Well drilling system 200 is illustrated in the transition state
used for wirelining or tripping operations. As such, the drill
string is not present and a lubricator assembly 55 has been
installed above the slip joint 40 or uppermost riser of the riser
string 35.
[0028] Lubricator assembly 55 is the same as described in FIGS. 1
and 2 above. However, in the example illustrated by FIG. 3,
lubricator seal conduit pipe 75 has been extended via lubricator
seal conduit pipe extension 140. Lubricator seal conduit pipe
extension 140 extends the lubricator seal conduit pipe 75 such that
it is mounted within RCD 20. The length of the lubricator seal
conduit pipe 75 may be adjusted by coupling additional lengths of
pipe (i.e. the lubricator seal conduit pipe extension 140) to the
terminal end of the lubricator seal conduit pipe 75, for example,
by a threaded connection, flange-to-flange mate, etc.

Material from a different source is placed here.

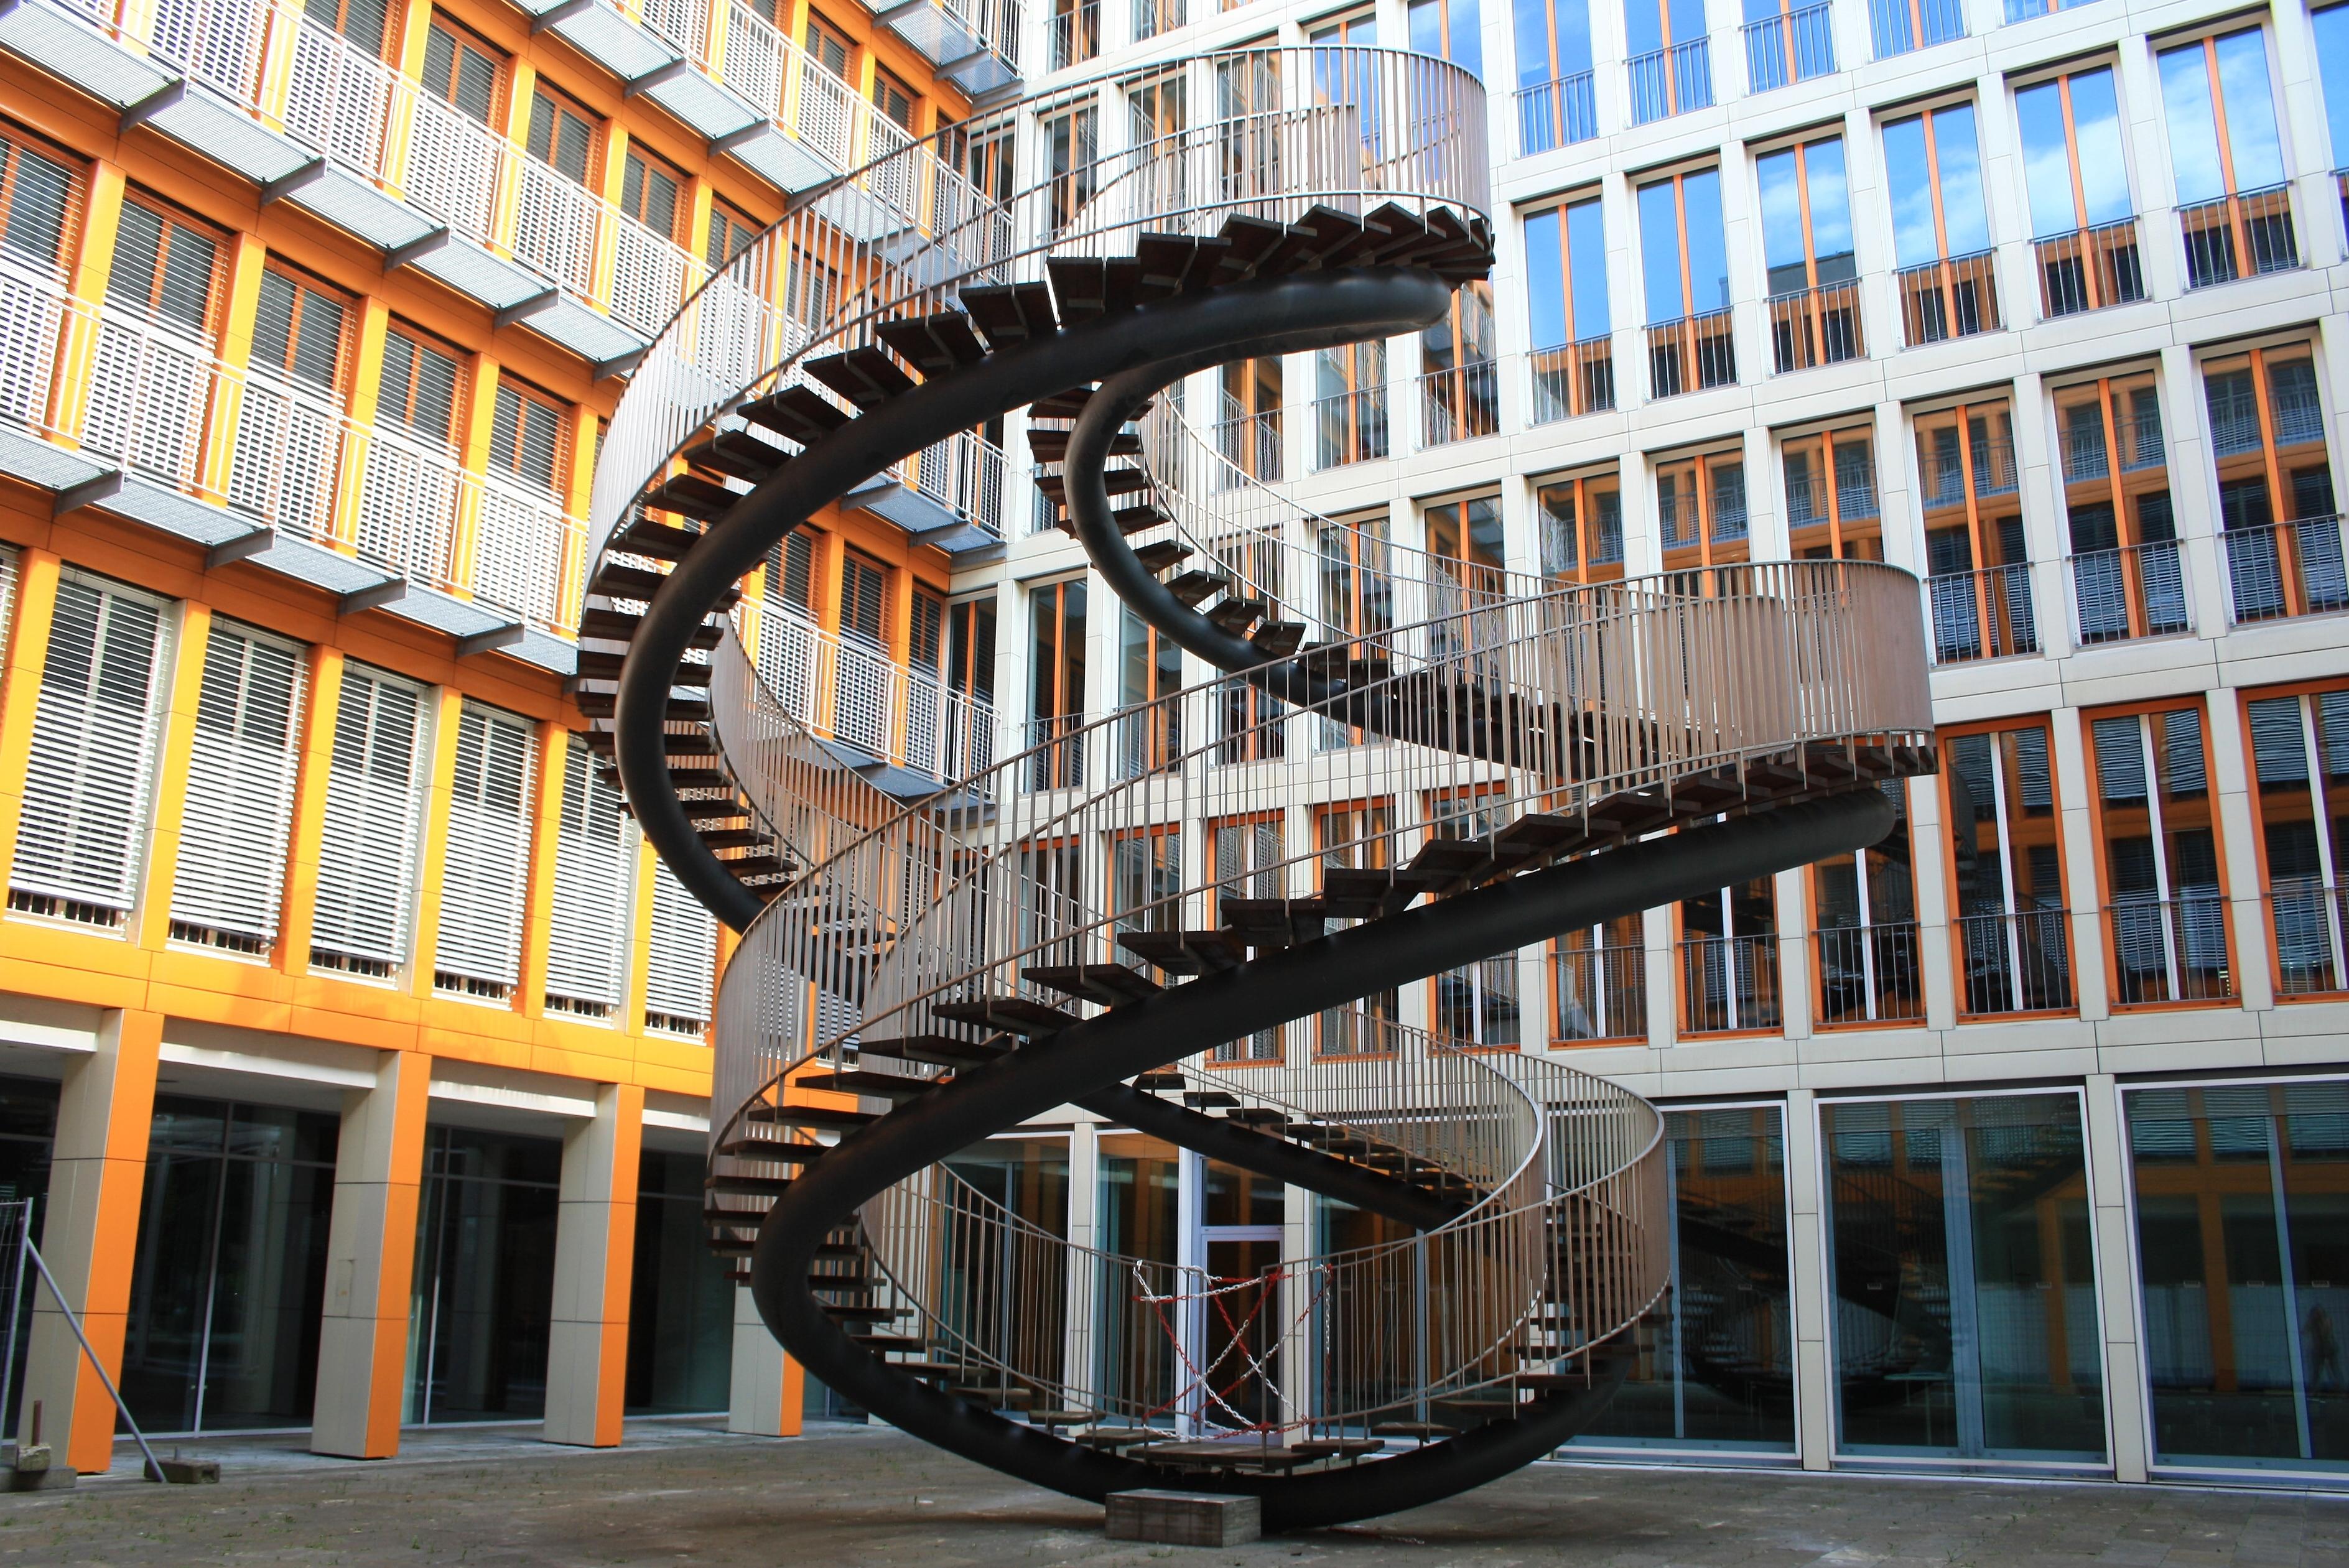 Treppen München file endlose treppe bei kpmg in münchen jpg wikimedia commons

The
lubricator seal conduit pipe 75 and lubricator seal conduit pipe
extension 140 function as a concentric riser within riser string 35
and slip joint 40. In the example of FIG. 3, a latch assembly and
packer assembly (e.g., latch assembly 80 and packer assembly 85 as
illustrated in FIG. 2) to couple the lubricator seal conduit pipe
75 to the slip joint 40 are not present.
[0029] FIG. 4 illustrates a cross section of RCD 20 with the
lubricator seal conduit pipe extension 140 extending therein. The
terminal end of lubricator seal conduit pipe extension 140 is
coupled to a flange adapter 145 and an RCD body adapter 150. Flange
adapter 145 couples the terminal end of lubricator seal conduit
pipe extension 140 to the RCD body adapter 150. Flange adapter 145
generally comprises a flange fabricated to the terminal end of the
lubricator seal conduit pipe extension 140 and configured to mate
with the top of the RCD body adapter 150. Although FIG. 4
illustrates a flange coupling of the lubricator seal conduit pipe
extension 140 to the RCD body adapter 150, other couplings may be
made as recognized by one of ordinary skill in the art. Further, in
some alternative examples the lubricator seal conduit pipe
extension 140 may be continuous with the RCD body adapter 150 such
that no coupling is necessary. RCD body adapter 150 is a conduit
comprising an RCD latch assembly 155. RCD latch assembly 155 forms
a latch between the outer diameter of RCD body adapter 150 and the
inner diameter of RCD 20 such that RCD latch assembly 155 is
coupled to RCD 20. RCD latch assembly 155 may be any sufficient
latch assembly for coupling RCD body adapter 150 to RCD 20. RCD
latch assembly 155 may be a mechanical, hydraulic, or electric
latch assembly. For example, RCD latch assembly 155 may be
hydraulically actuated from the rig floor 15 by introducing a
hydraulic pressure via tubing to the hydraulic latch setting
mechanism to form a hydraulic latch between RCD body adapter 150
and RCD 20. Alternatively, RCD latch assembly 155 may be set using
mechanical actuation which mates a latch profile within the RCD 20
body with a corresponding latch profile on the outer diameter of
the RCD body adapter 150. It is to be understood that RCD latch
assembly 155 may be any RCD latch assembly 155 sufficient for use
with the disclosed well drilling system 200. It is to be understood
that the apparatuses and methods described herein are not to be
limited to any specific class or model of RCD latch assembly 155.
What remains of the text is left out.